Assis sur une chaise sous une tente avec la mer derrière lui, le pape a écouté Christian Tango Mukaya, un réfugié de 30 ans originaire de la République démocratique du Congo qui se trouve dans le camp avec deux de ses enfants depuis un an. Il n’a pas eu de contact avec sa femme et son autre enfant depuis son arrivée. Mavrovouni, dont le périmètre est entouré de ciment, de barbelés et de la mer, a remplacé le tristement célèbre camp de Moria qui a brûlé l’année dernière. Le pape y a rendu visite à plusieurs familles à la fin de sa visite matinale. S’écartant du discours qu’il avait préparé, François a déclaré qu’il était « affligeant » d’entendre que certains dirigeants européens voulaient utiliser des fonds communs pour construire un mur et installer des barbelés pour empêcher les immigrants d’entrer.

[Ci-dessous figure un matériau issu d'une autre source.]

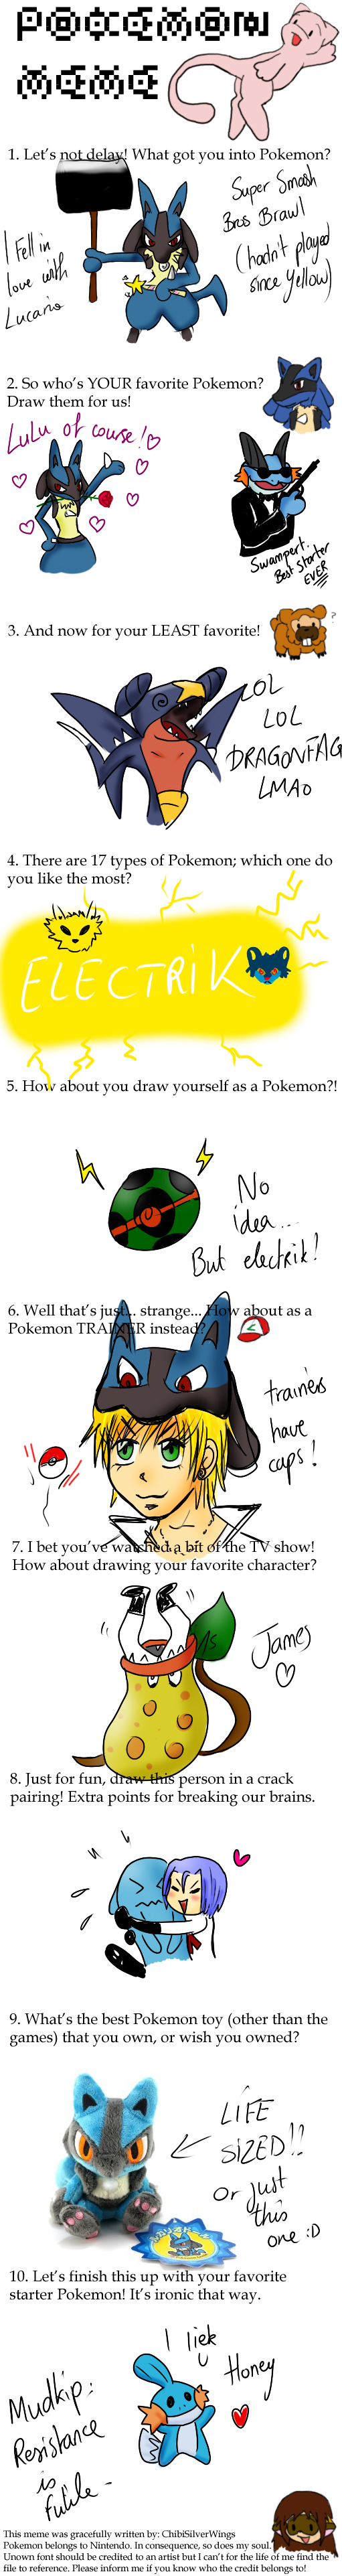 Pokémon Gotta Free 'em all ! Pokemon_meme_by_muramoko-d3c64hf

« Nous sommes dans l’ère des murs et des barbelés », a-t-il déclaré. Le Premier ministre polonais Mateusz Morawiecki a demandé à l’UE de financer conjointement un mur frontalier afin d’endiguer la marée de migrants en provenance du Moyen-Orient et arrivant en Pologne via le Bélarus. Aussi sinistre et déprimant que soit Mavrovouni, c’est tout de même une nette amélioration par rapport à Moria, que les groupes de défense des droits de l’homme ont décrié pour ses conditions sordides et surpeuplées. La Grèce est depuis longtemps le principal point d’entrée dans l’Union européenne pour les migrants et les réfugiés fuyant la guerre et la pauvreté au Moyen-Orient, en Asie et en Afrique. Des centaines de milliers de personnes sont arrivées sur les plages de Lesbos en 2015 après avoir traversé sur des bateaux depuis la Turquie. Joshue, un réfugié de 18 ans originaire du Congo, était parmi ceux qui ont accueilli la visite du pape. « Ce n’est pas comme l’entendre de loin, il est venu sur le terrain pour voir comment nous vivons, pour voir comment les choses se passent ici, donc cela nous donne de l’espoir et de la force de savoir qu’un tel leader pense à nous », a-t-il déclaré.